Stream IoT sensor data from Azure IoT Hub into Databricks Delta Lake

Featured

IoT devices produce a lot of data very fast. Capturing data from all those devices, which could be at millions, and managing them is the very first step in building a successful and effective IoT platform.

Like any other data solution, an IoT data platform could be built on-premise or on cloud. I’m a huge fan of cloud based solutions specially PaaS offerings. After doing a little bit of research I decided to go with Azure since it has the most comprehensive and easy to use set of service offerings when it comes to IoT and they are reasonably priced. In this post, I am going to show how to build the architecture displayed in the diagram below: connect your devices to Azure IoT Hub and then ingest records into Databricks Delta Lake as they stream in using Spark Streaming.

Solution Architecture

Setup Azure IoT Hub and Register a Device

The very first step is to set up Azure IoT Hub, register a device with it and test it by sending data across. This is very well explained by Microsoft here. Make sure you follow all the steps and you’re able to read the messages sent to IoT Hub at the end.

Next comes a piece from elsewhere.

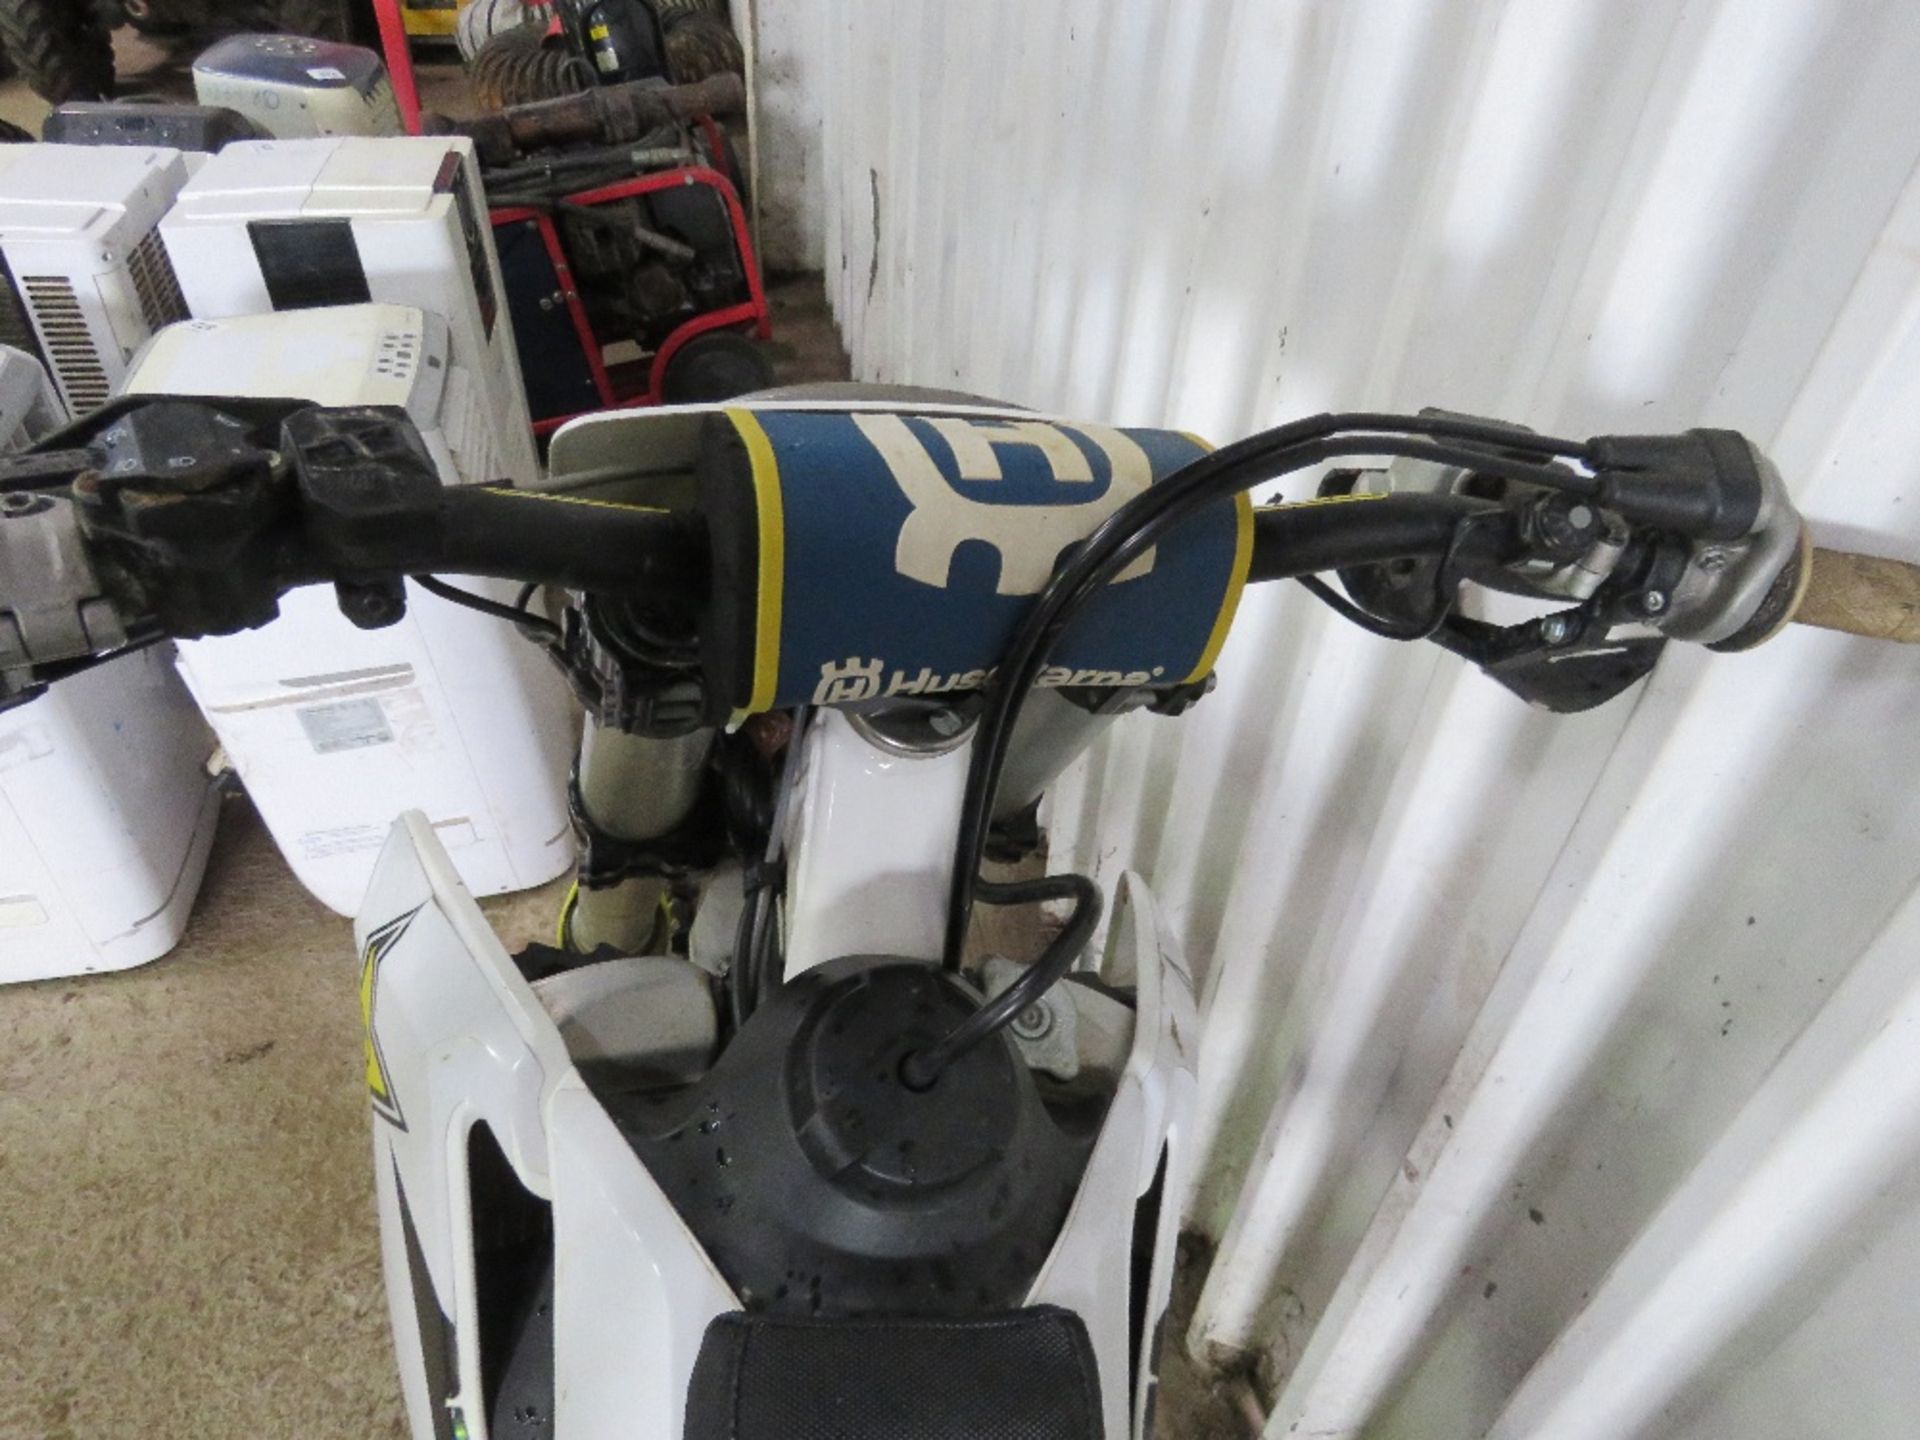 HUSQVARNA 450CC TRIALS BIKE, REG:LK18 EXO WITH V5 (FIRST ROAD REGISTERED 2021). WHEN TESTED WAS SEE - Image 13 of 15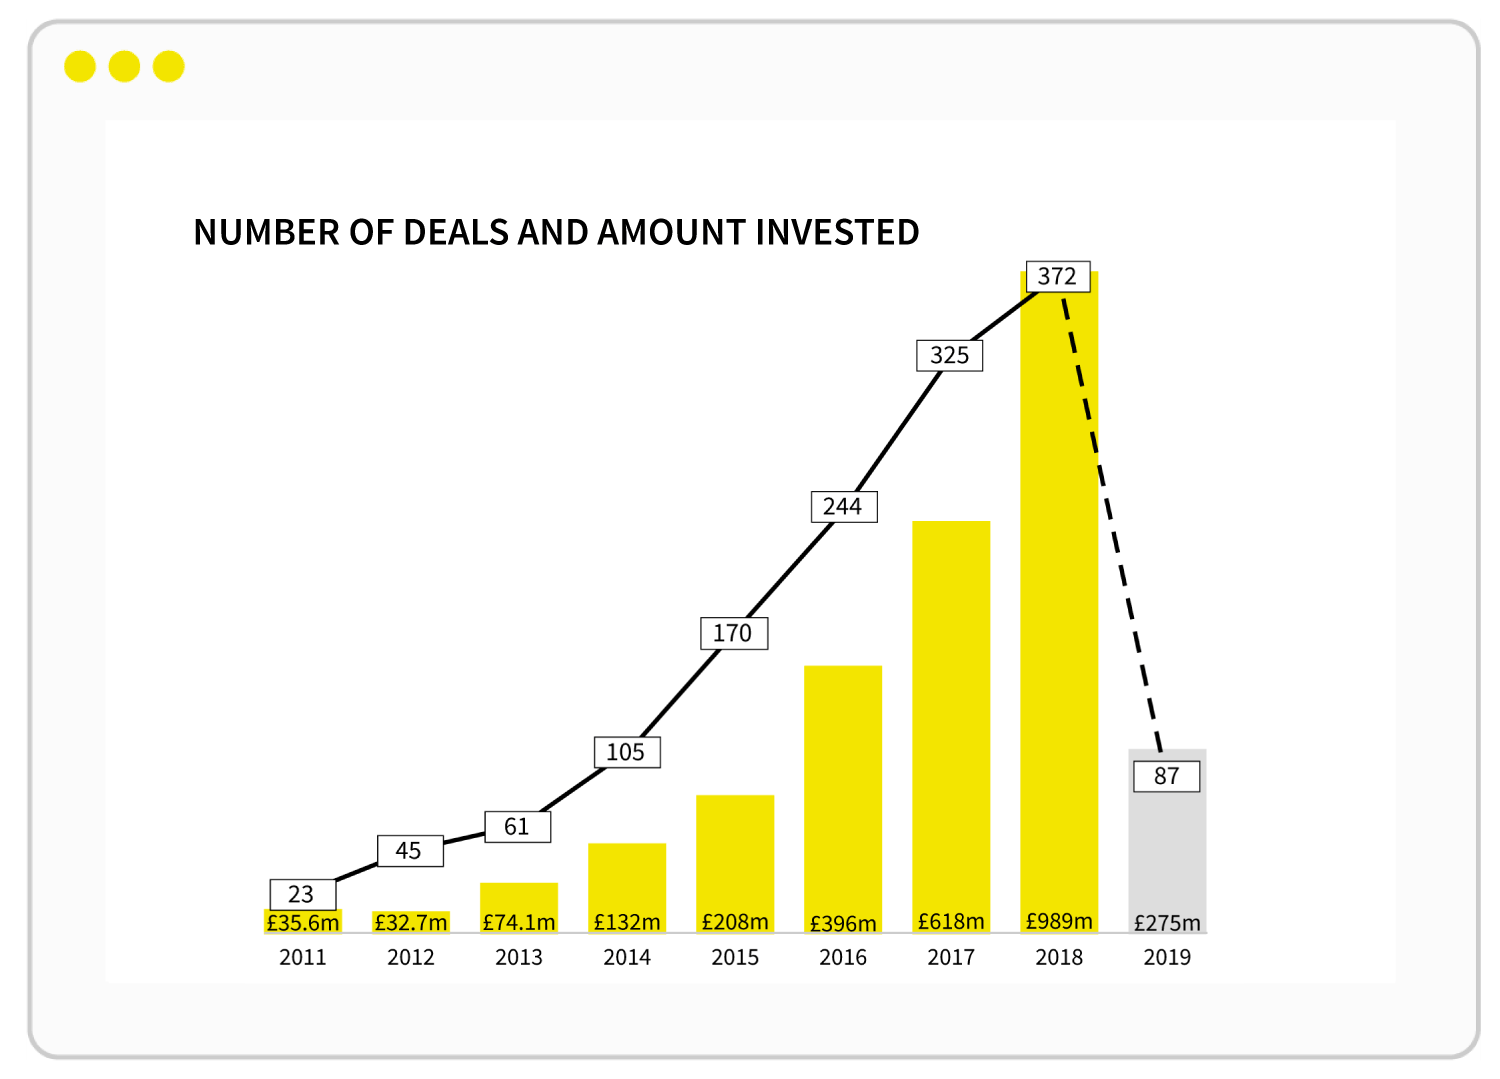 Number of deals and amount raised by UK AI companies

The only extra step we need to take is to add a new consumer group to the IoT Hub. Doing this means our Spark Streaming application will have its own offset, tracking where in the queue it has last read the records coming from devices. By assigning unique consumer groups to each application that subscribes to IoT Hub, we can send the record coming from IoT devices to multiple destinations, for example to store them in Blob storage, send them to Azure Stream Analytics and do real-time analytics, as well as a delta table in Databricks Delta Lake.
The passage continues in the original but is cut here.